But where there is a Will there is a way for you to control what happens. It spells out what you want, leaving you safe in the knowledge that you’re chosen beneficiaries will reap the benefits of your life’s work, rather than the Inland Revenue.
Who do I notify first?
When someone dies it can be a very difficult and confusing time and you cannot be expected to do everything right away.
In the first five days it is important that you do the following:
- notify the deceased’s family Doctor
- contact a Funeral Director to commence funeral arrangements (you will need to check any Will for any special requests or Pre-Paid Funeral arrangements which may have already been made)
- register the death at The Registry Office
- advise any departments who may have been making payments to the deceased, such as Tax Credits, benefits, pensions etc
As soon as possible you should:
- contact the Executors of any Will to enable them to start the process of obtaining Probate
- if there is no Will the you should decide who will apply to sort out the deceased’s affairs and apply for Letters of Administration.
You will also need to contact relatives and people close to the deceased for a full list of who to contact go to http://www.direct.gov.uk/ select Government Citizens and Rights – then Death and Bereavement and What to do after a Death.
If the person who has died leaves a will
In this case one or more ‘executors’ may be named in the will to deal with the person’s affairs after their death.

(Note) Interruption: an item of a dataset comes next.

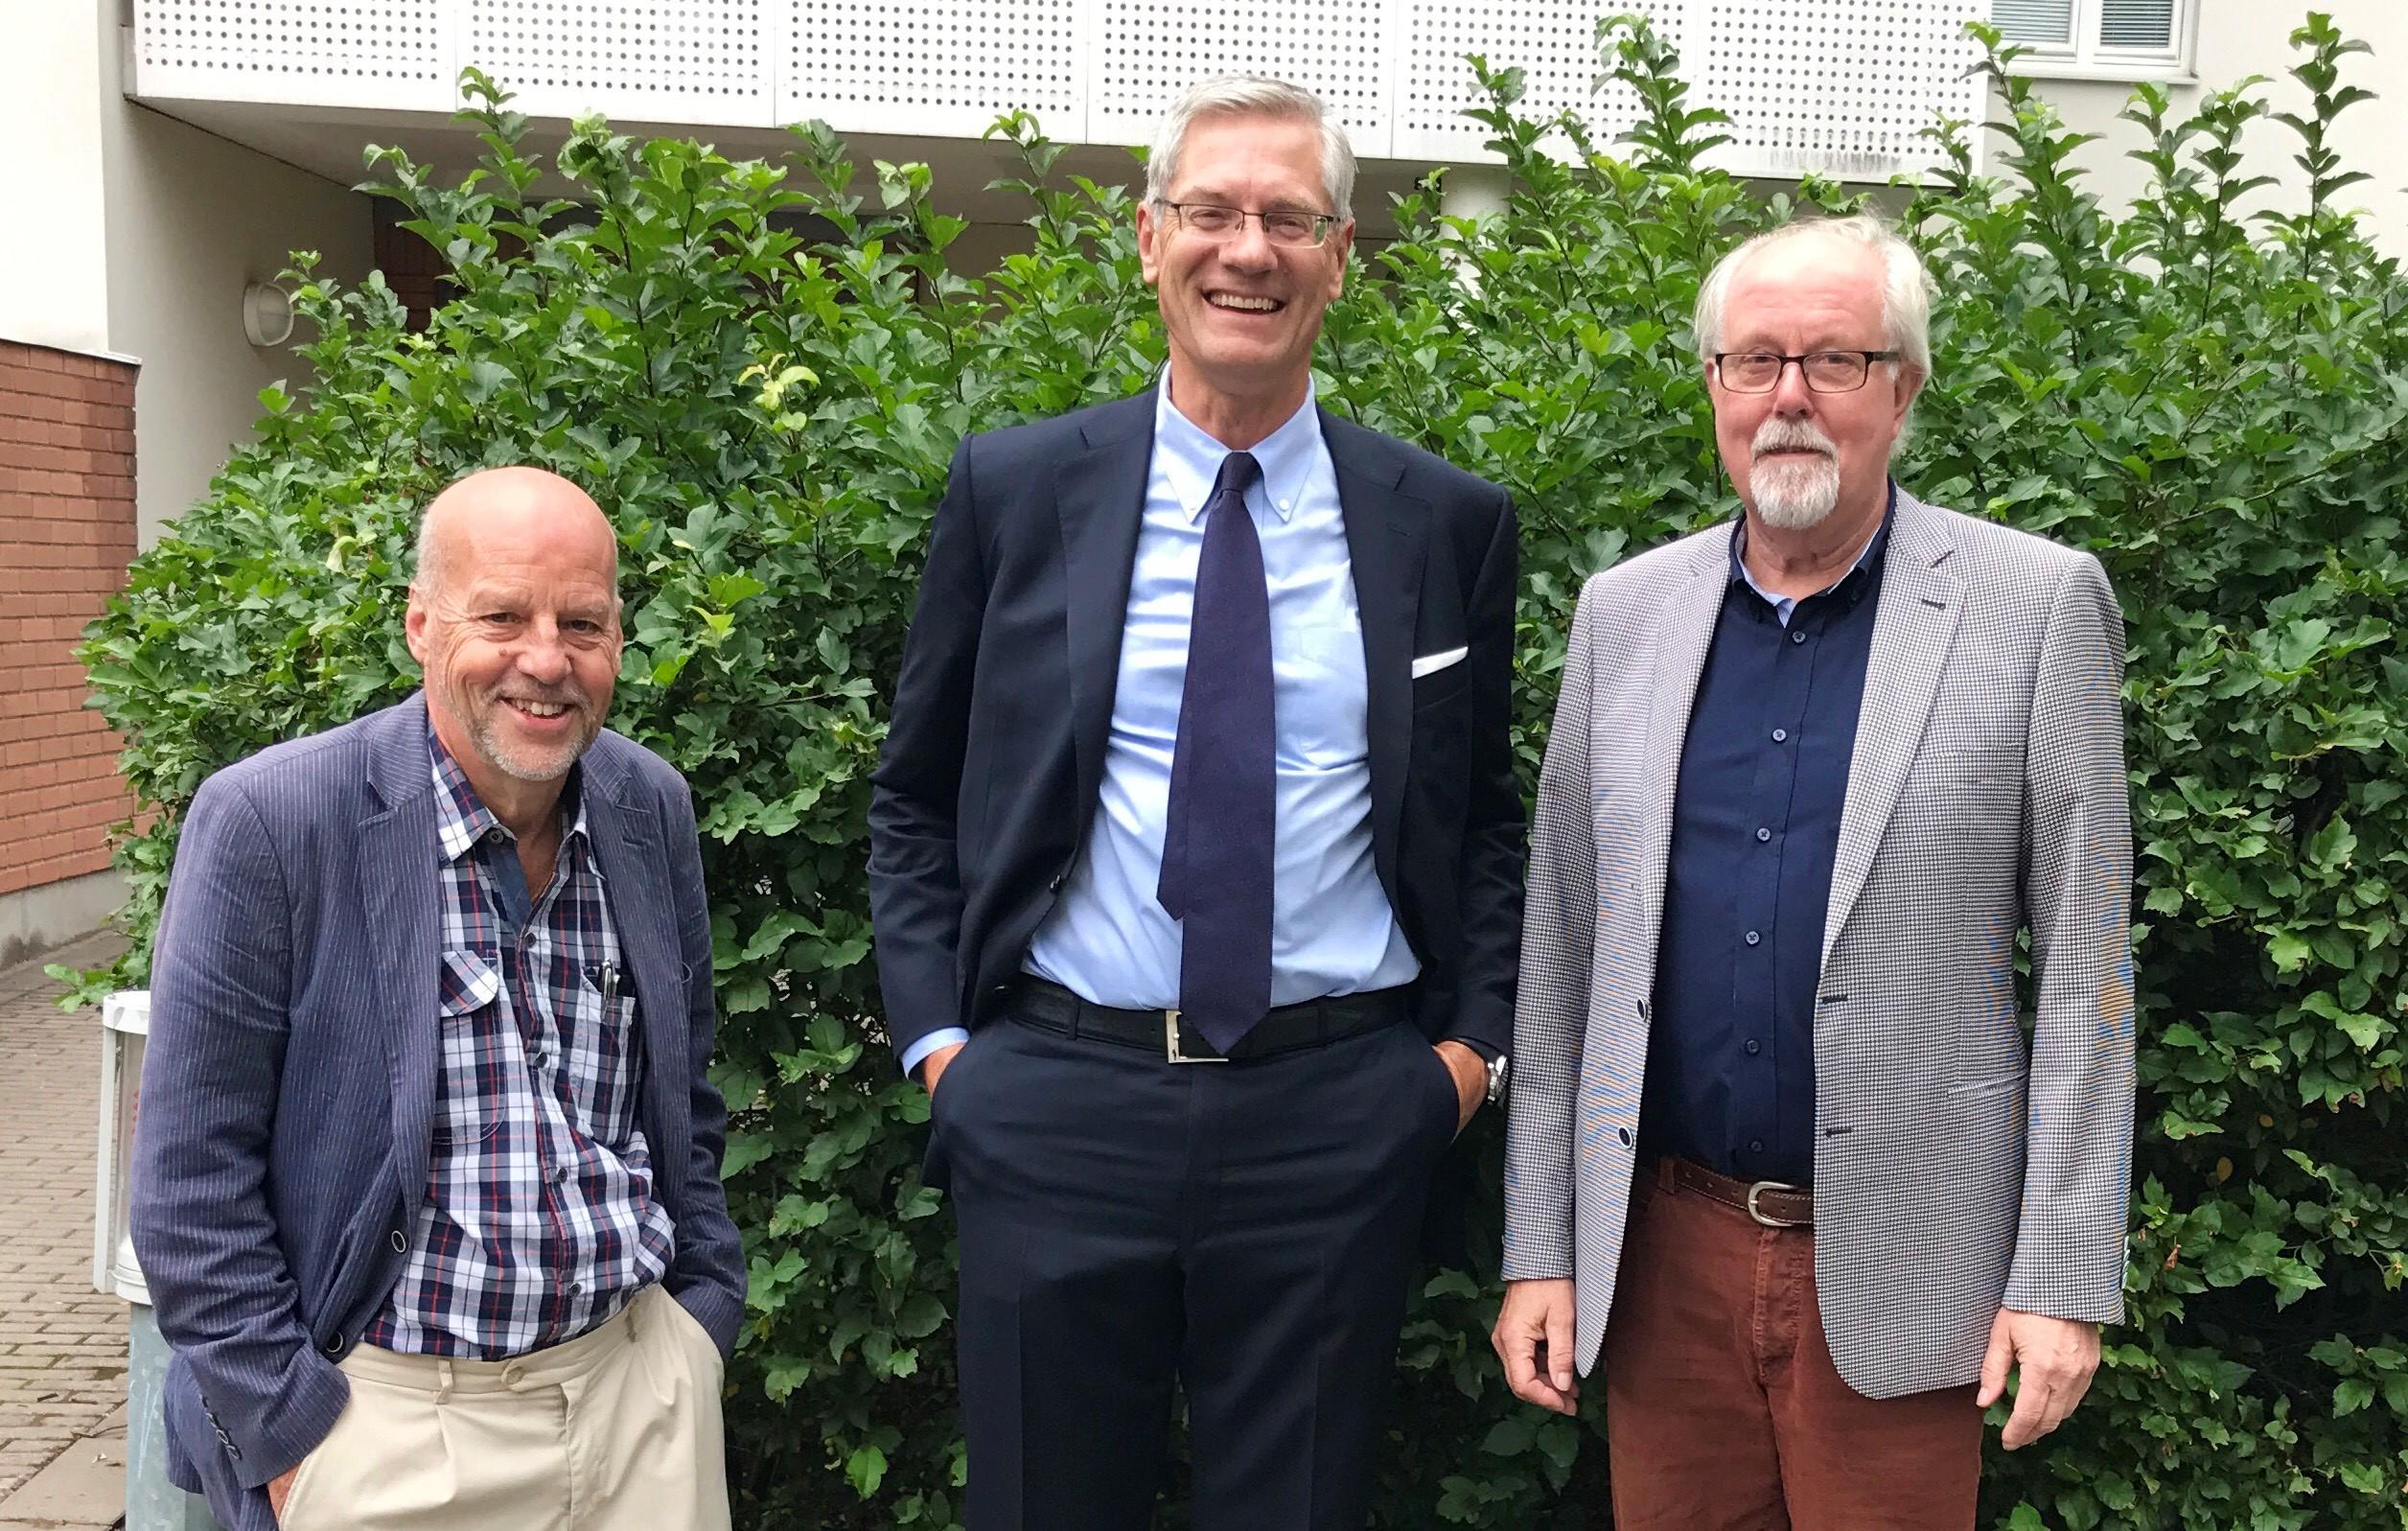 Magnus Hall med Lennart och Lars från bostadsrättsföreningen Haga

The executor applies for a ‘grant of probate’ from a section of the court knows as the probate registry. The grant is a legal document which confirms that the executor has the authority to deal with the deceased person’s assets (property, money and possessions). They can use it to show they have the right to access funds, sort out finances, and collect and share out the deceased person’s assets as set out in the will.

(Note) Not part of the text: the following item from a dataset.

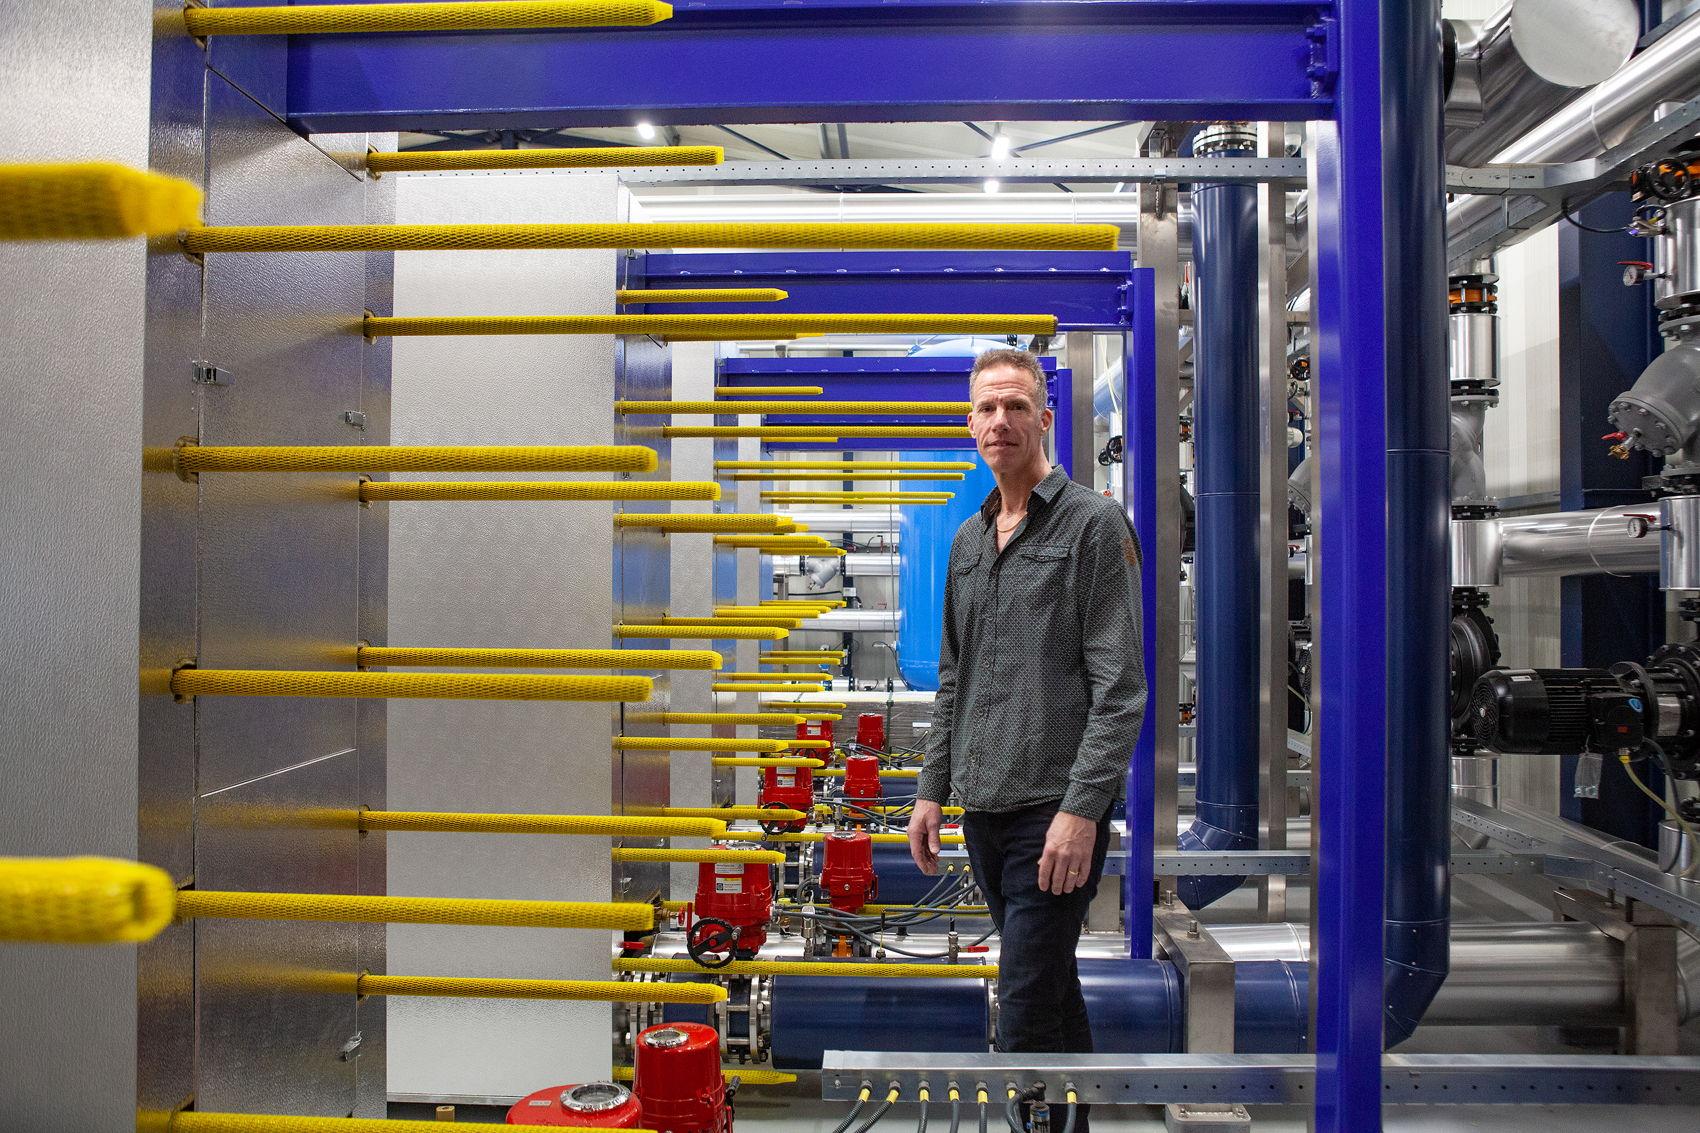 Foto van Paul tussen de warmtewisselaars van de geothermiecentrale

If the person who has died didn’t leave a will
If there is no will, a close relative of the deceased can apply to the probate registry to deal with the estate. In this case they apply for a ‘grant of letters of administration’. If the grant is given, they are known as ‘administrators’ of the estate. Like the grant of probate, the grant of letters of administration is a legal document which confirms the administrator’s authority to deal with the deceased person’s assets.
If someone dies without making a will, they are said to have died ‘intestate’. If this happens, the law sets out who should deal with the deceased’s affairs and who should inherit their estate (property, personal possessions and money). This information covers England and Wales only.

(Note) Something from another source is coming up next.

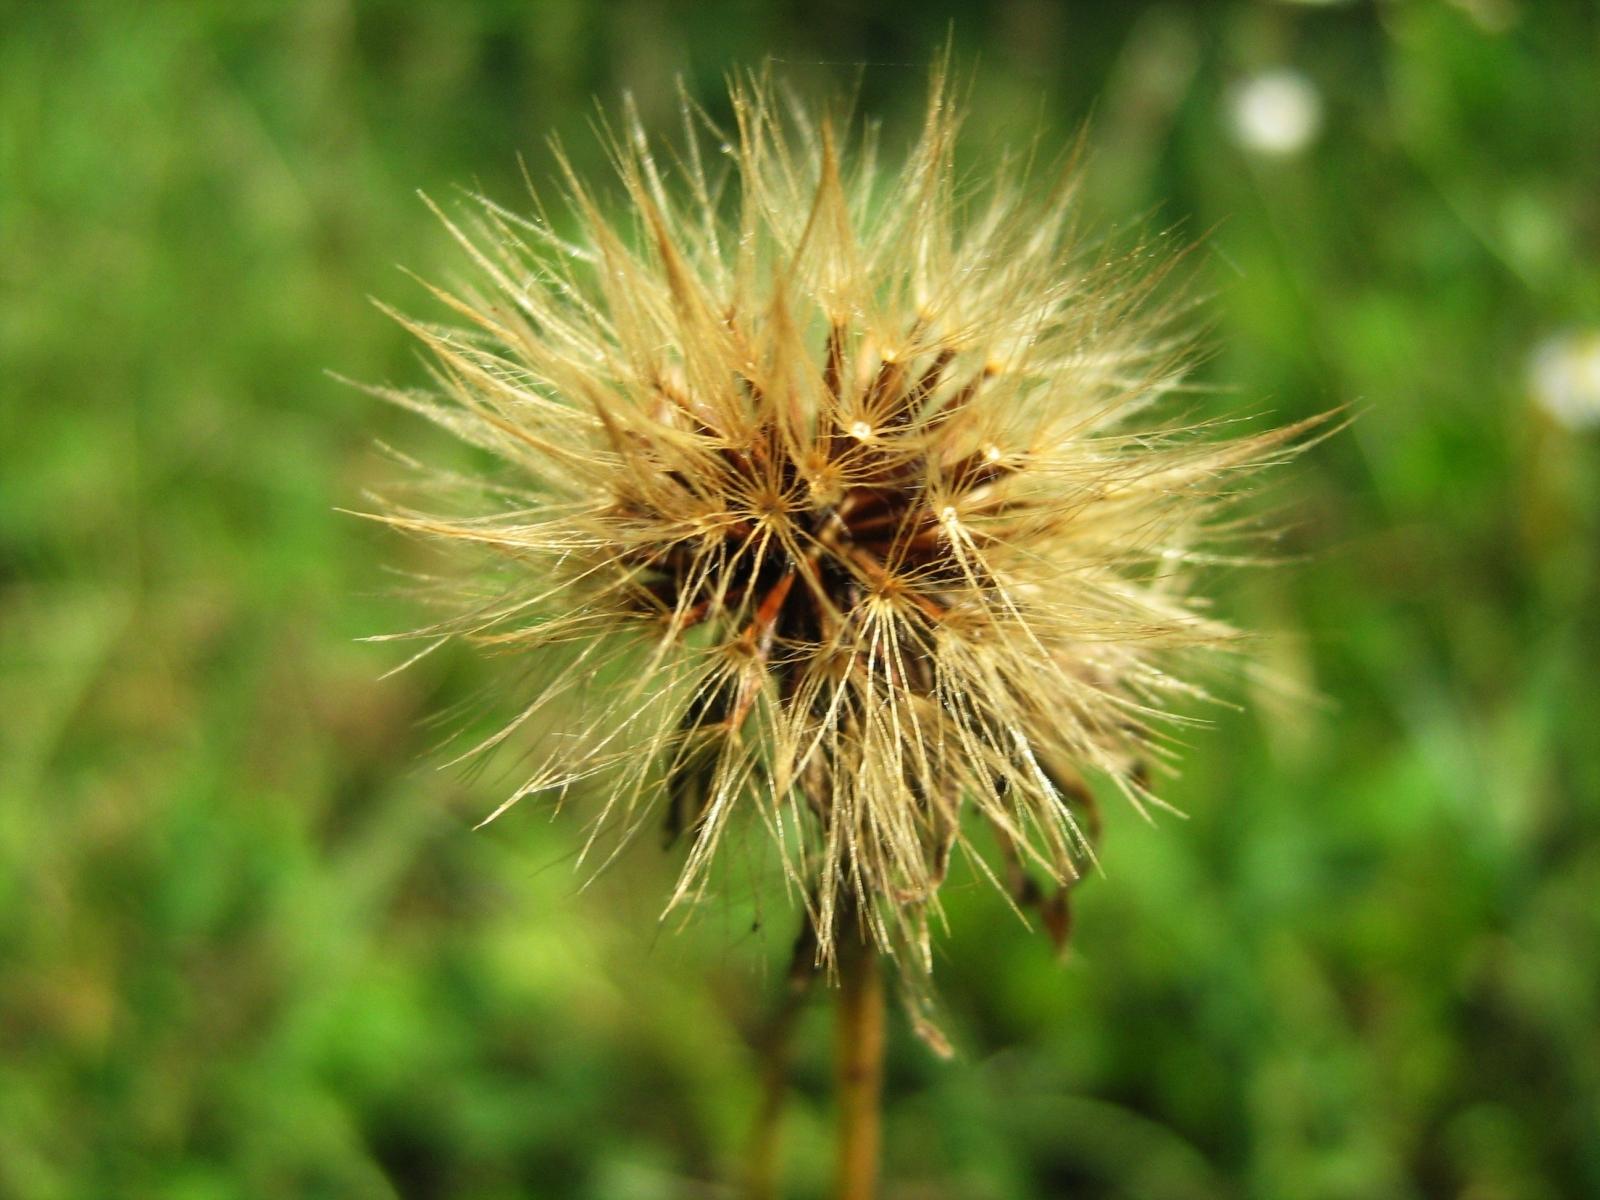 Скачать картинку Одуванчики, Растения в телефон бесплатно.

When someone dies without leaving a will, dealing with their estate can be complicated. It can also take a long time – months or even years in some very complex cases.
Who can deal with the deceased person’s estate?
Usually a close relative like a spouse, child or parent will have the legal right to sort out the estate of the person who has died.
Applying for a Grant of Letters of Administration
In order to be able to administer someone’s estate you normally need to apply to the Probate Registry for a ‘Grant of Letters of Administration’.
On receipt of the grant you become the ‘administrator’ of the estate. The grant provides proof to banks, building societies and other organisations that you have authority to access and distribute funds that were held in the deceased’s name. The overall process is often referred to as ‘obtaining probate’, though technically this term applies where there was a will.
These grants appoint people known as “Personal Representatives “ to administer the deceased persons estate.
When a grant is needed
A grant is almost always needed when the person who dies leaves one or more of the following:
- stocks or shares
- certain insurance policies
- property or land held in their own name or as ‘tenants in common’
In most cases above, the bank or relevant institution will need to see the grant before transferring control of the assets. However if the estate is small some organisations, such as insurance companies and building societies, may release the money to you at their discretion.)
When a grant may not be needed
If the deceased’s estate is below £5,000, and doesn’t contain any land, property or shares, then it may be possible to deal with it without obtaining a grant. Also, a grant might not be needed if the whole of the estate is held in joint names and passes automatically to the surviving joint owner.
In some cases, for example, where the person who benefits is a child, the law states that more than one person must act as the administrator.
To establish whether the assets can be obtained without a grant, the executor or administrator would need to write to each institution informing them of the death and enclosing a photocopy of the death certificate (and will if there is one).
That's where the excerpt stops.